Having excluded apoptosis and necrosis as determinants of the mito-ATTEC-triggered cell death, we sought to evaluate the role of autophagy in cell death. As shown in Fig. S3, mito-ATTECs reduced the growth and viability of MCF-7 cells. In contrast, ATG5 knockdown protected MCF-7 cells from mito-ATTEC-induced cell death. Alk-DP and azi-TPP did not obviously decrease the growth and viability of MCF-7 or ATG5-KD MCF-7 cells. These results indicated that mito-ATTECs kill malignant cells through an autophagy-dependent mechanism.18,27

To substantiate this conclusion, MCF-7 cells were co-treated with autophagy inhibitors or activators. As shown in Fig. 4b, 3-MA (2 mM) co-treatment obviously abrogated tumor suppression in response to mito-ATTEC treatment, suggesting that activation of autophagy is functionally important for cell death induced by mito-ATTECs.18 In contrast, coincubation with rapamycin (100 nM) in MCF-7 cells sensitized cells to mito-ATTEC-induced cell death (Fig. 4c). These results indicated that mito-ATTECs kill cancer cells via autophagy, and may have cooperative effects with autophagy activators.24

We further ascertained the dominant role of autophagy in mito-ATTEC-triggered cell death using morphological analysis.
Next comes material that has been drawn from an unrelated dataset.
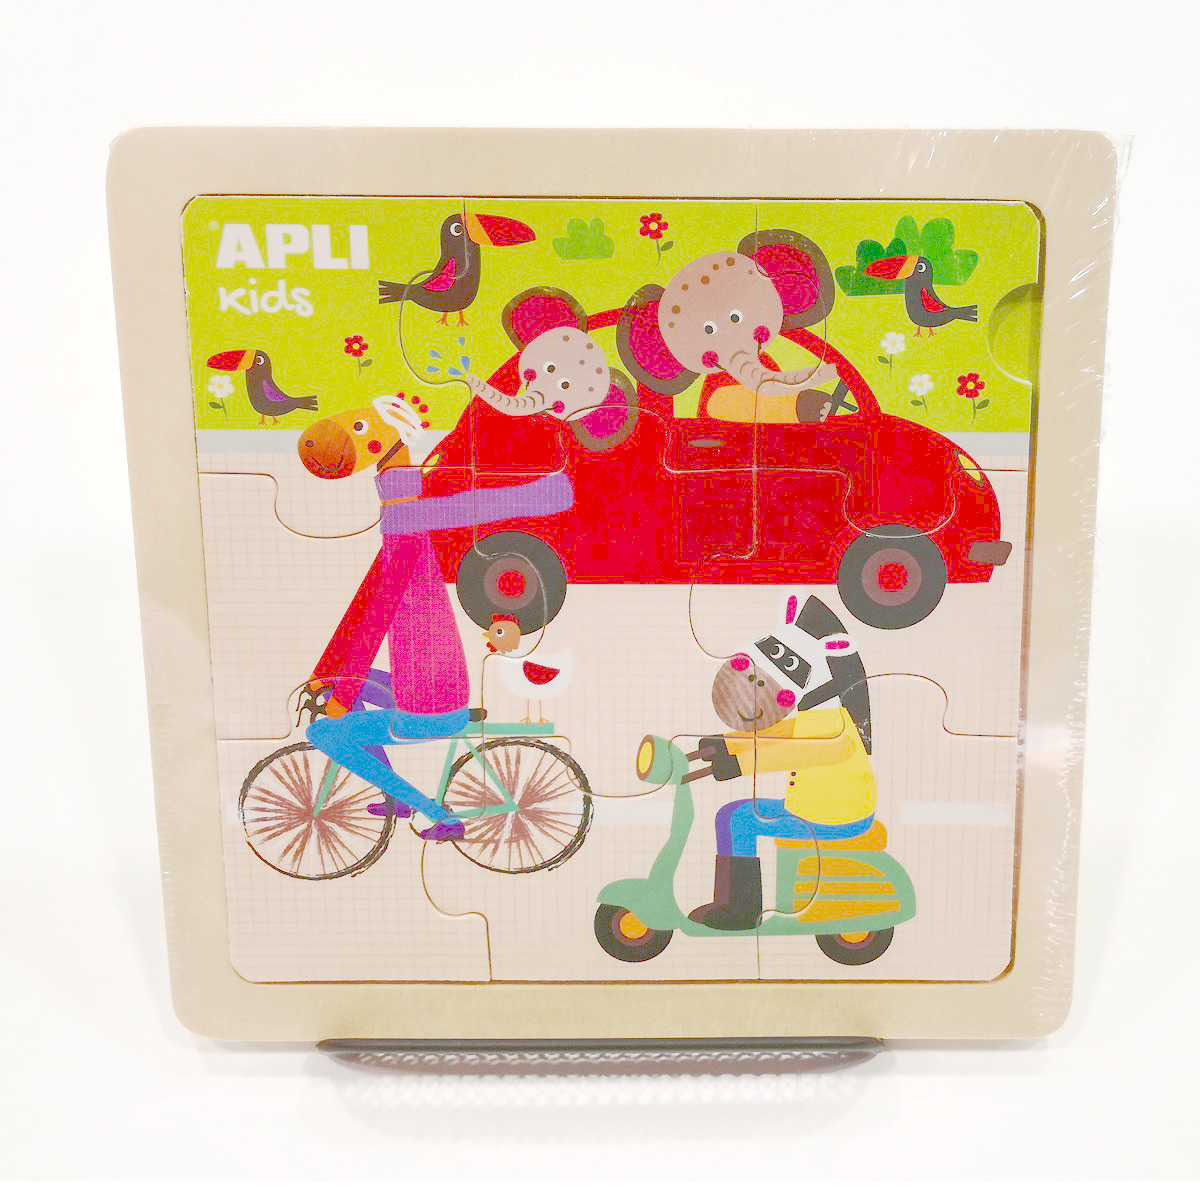 Apli Kids Wooden Puzzle 15x15 9pcs 3+ (15184)

Ultrastructural examination by TEM of mito-ATTEC (30 μM, 24 h)-treated cells exhibited unique characteristics of autophagy-dependent cell death.36 Namely, mito-ATTEC-treated MCF-7 cells showed increased vacuolization and a decreased number of mitochondria, yet retained normal nuclear morphology (Fig. 4d).35,37 Moreover, increased vacuolization was also observed in CLSM images and was unique to mito-ATTEC-triggered autophagy-dependent cell death (Fig. 4e). Collectively, these findings indicated that mito-ATTEC-induced excessive mitophagy led to autophagic cell death.27

Broad activity of mito-ATTECs against tumor cell lines

Recent studies have indicated that functional mitochondria are indispensable for the growth of malignant cells in several tumor types.38 To determine how widely applicable the lethal mitophagy might be, we further assessed the killing efficacy of mito-ATTECs on several tumor cell lines. Mito-ATTECs reduced viable cell numbers in all of these 9 tumor cell lines after 24 h treatment (Fig. 3e). The mechanisms of mito-ATTEC-induced killing of malignant cells identified above were highly relevant to other cancers. As depicted in Fig. S4a–d, mito-ATTEC treatment obviously suppressed the growth of MDA-MB-231 cells by complete mitochondrial depletion. Of note, it was found that low concentration of mito-ATTECs exhibited powerful bioactivity and cytotoxicity on human malignant melanoma cell line A375 (Fig. S4e–h). The IC50 value of mito-ATTECs against A375 cells was about 11.9 μM. Similarly, mito-ATTECs were also active against mouse melanoma cell lines (Fig. S4i–k), inducing autophagic death of B16-F10 cells with an IC50 value of 9.1 μM. The elevated protein expression of LC3B in melanoma may sensitize melanoma to lethal mitophagy (Fig. S5). In summary, the mito-ATTEC-induced mitochondrial depletion and cell death were confirmed in several cell lines using different methods, indicating that induction of lethal mitophagy may be a general therapeutic approach.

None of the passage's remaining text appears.